Datalog is a declarative logic programming language that syntactically is a subset of Prolog. It is often used as a query language for deductive databases. In recent years, Datalog has found new application in data integration, information extraction, networking, program analysis, security, cloud computing and machine learning.[1][2]

Its origins date back to the beginning of logic programming, but it became prominent as a separate area around 1977 when Hervé Gallaire and Jack Minker organized a workshop on logic and databases.[3] David Maier is credited with coining the term Datalog.[4]

Features, limitations and extensions[edit]

Unlike in Prolog, statements of a Datalog program can be stated in any order. Furthermore, Datalog queries on finite sets are guaranteed to terminate, so Datalog does not have Prolog's cut operator. This makes Datalog a fully declarative language.

In contrast to Prolog, Datalog

  1. disallows complex terms as arguments of predicates, e.g., p(1, 2) is admissible but not p(f(1), 2),
  2. imposes certain stratification restrictions on the use of negation and recursion,
  3. requires that every variable that appears in the head of a clause also appear in a nonarithmetic positive (i.e. not negated) literal in the body of the clause,
  4. requires that every variable appearing in a negative literal in the body of a clause also appear in some positive literal in the body of the clause[5]

Query evaluation with Datalog is based on first-order logic, and is thus sound and complete. However, Datalog is not Turing complete, and is thus used as a domain-specific language that can take advantage of efficient algorithms developed for query resolution. Indeed, various methods have been proposed to efficiently perform queries, e.g., the Magic Sets algorithm,[6] tabled logic programming[7] or SLG resolution.[8]
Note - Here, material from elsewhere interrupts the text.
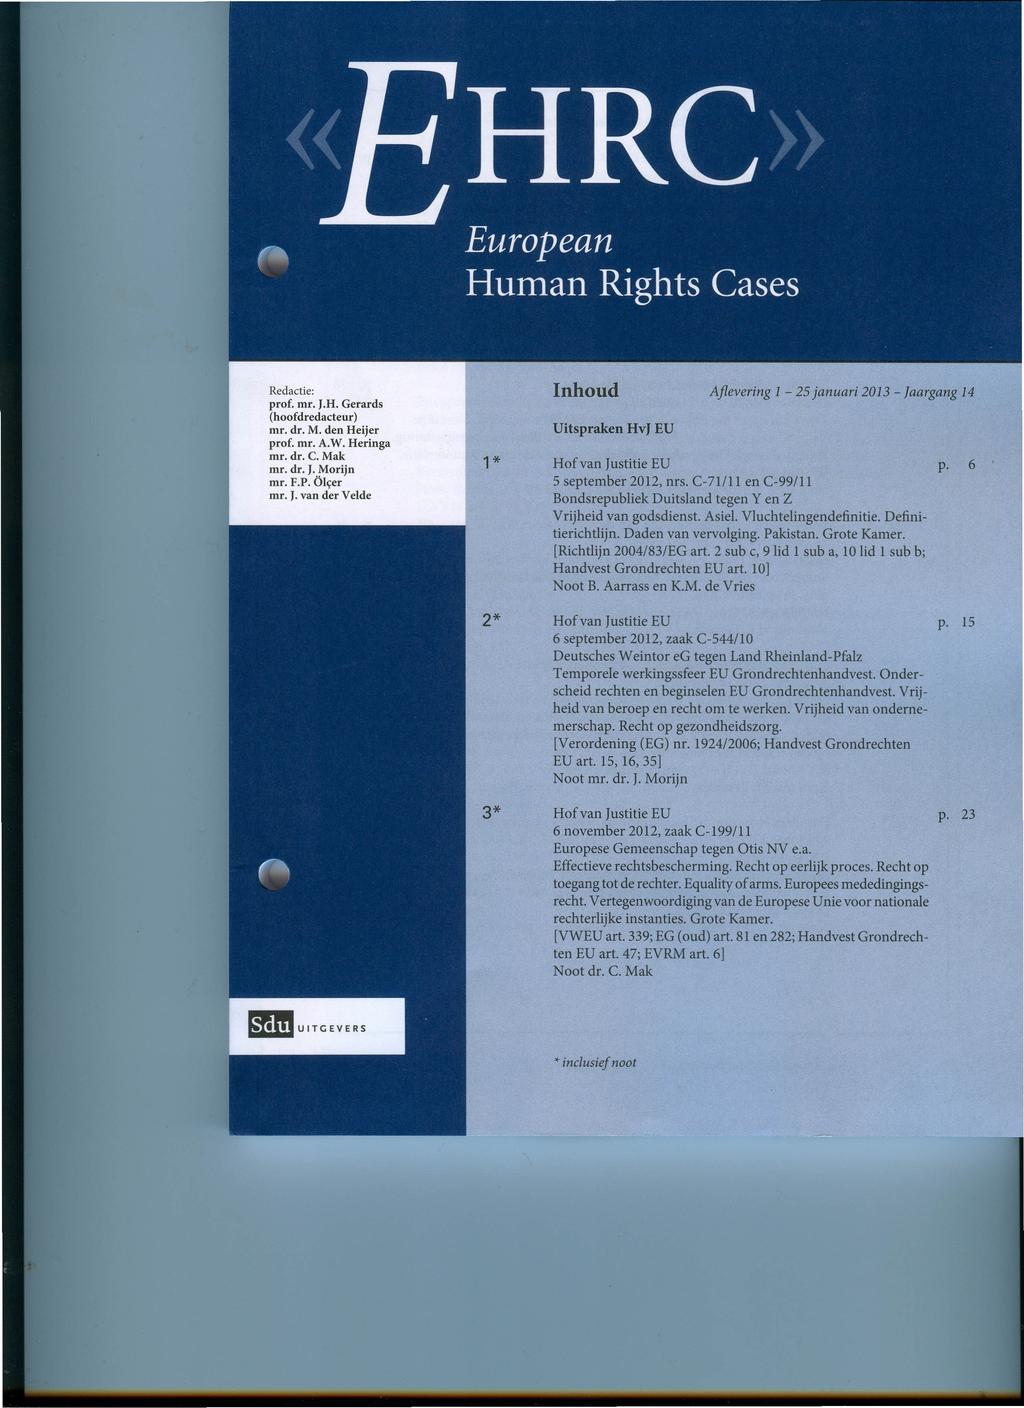 Redactie: prof. mr. J.H. Gerards (hoofdredacteur) mr. dr. M. den Heijer prof. mr. A.W. Heringa mr. dr. C. Mak mr. dr. J. Morijn mr. F.P. Ölçer mr. J. van der Velde Uitspraken Aflevering 1-25 januari 2013 - Jaargang 14 HvJ EU 1* Hof van Justitie EU 5 september 2012, nrs.

Some widely used database systems include ideas and algorithms developed for Datalog. For example, the SQL:1999 standard includes recursive queries, and the Magic Sets algorithm (initially developed for the faster evaluation of Datalog queries) is implemented in IBM's DB2.[9] Moreover, Datalog engines are behind specialised database systems such as Intellidimension's database for the semantic web.[citation needed]
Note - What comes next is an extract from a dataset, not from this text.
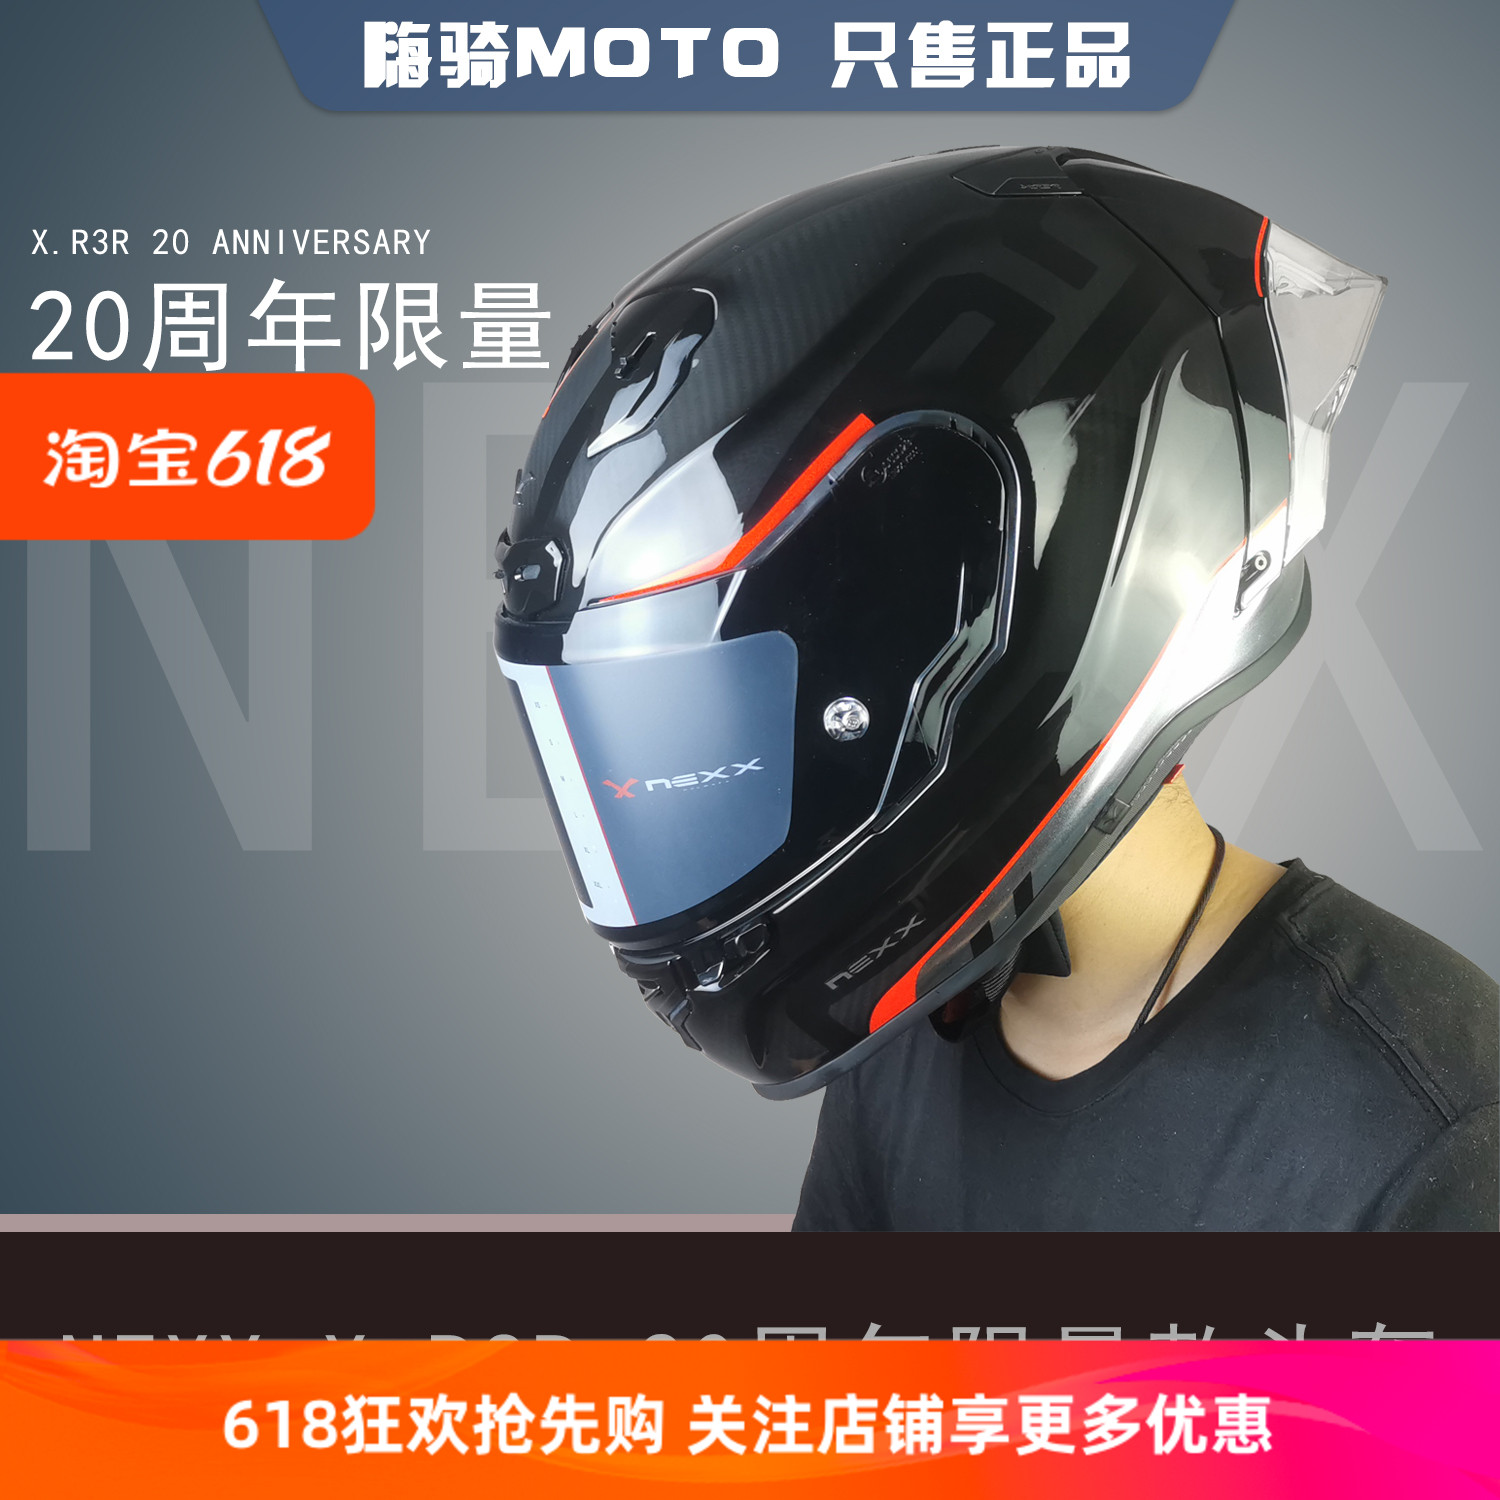 NEXX X.R3R 20周年碳纤维限量款机车赛道防摔骑士黑红大尾翼头盔

Several extensions have been made to Datalog, e.g., to support aggregate functions, to allow object-oriented programming, or to allow disjunctions as heads of clauses. These extensions have significant impacts on the definition of Datalog's semantics and on the implementation of a corresponding Datalog interpreter.


Datalog programs may or may not use negation in rule bodies: Datalog programs with negation are often required to use it as stratified negation to ensure that the semantics are well-defined. Datalog programs may or may not use inequalities between variables in rule bodies.

Some syntactic fragments of Datalog have been defined, such as the following (from most restricted to least restricted):

  • linear Datalog, where rule bodies must consist of a single atom
  • guarded Datalog, where for every rule, all the variables that occur in the rule bodies must occur together in at least one atom, called a guard atom
  • frontier-guarded Datalog, where for every rule, all the variables that are shared between the rule body and the rule head (called the frontier variables) must all occur together in a guard atom

Another restriction concerns the use of recursion: nonrecursive Datalog is defined by disallowing recursion in the definition of Datalog programs. This fragment of Datalog is as expressive as unions of conjunctive queries, but writing queries as nonrecursive Datalog can be more concise.


The boundedness problem for Datalog asks, given a Datalog program, whether it is bounded, i.e., the maximal recursion depth reached when evaluating the program on an input database can be bounded by some constant. In other words, this question asks whether the Datalog program could be rewritten as a nonrecursive Datalog program. Solving the boundedness problem on arbitrary Datalog programs is undecidable,[10] but it can be made decidable by restricting to some fragments of Datalog.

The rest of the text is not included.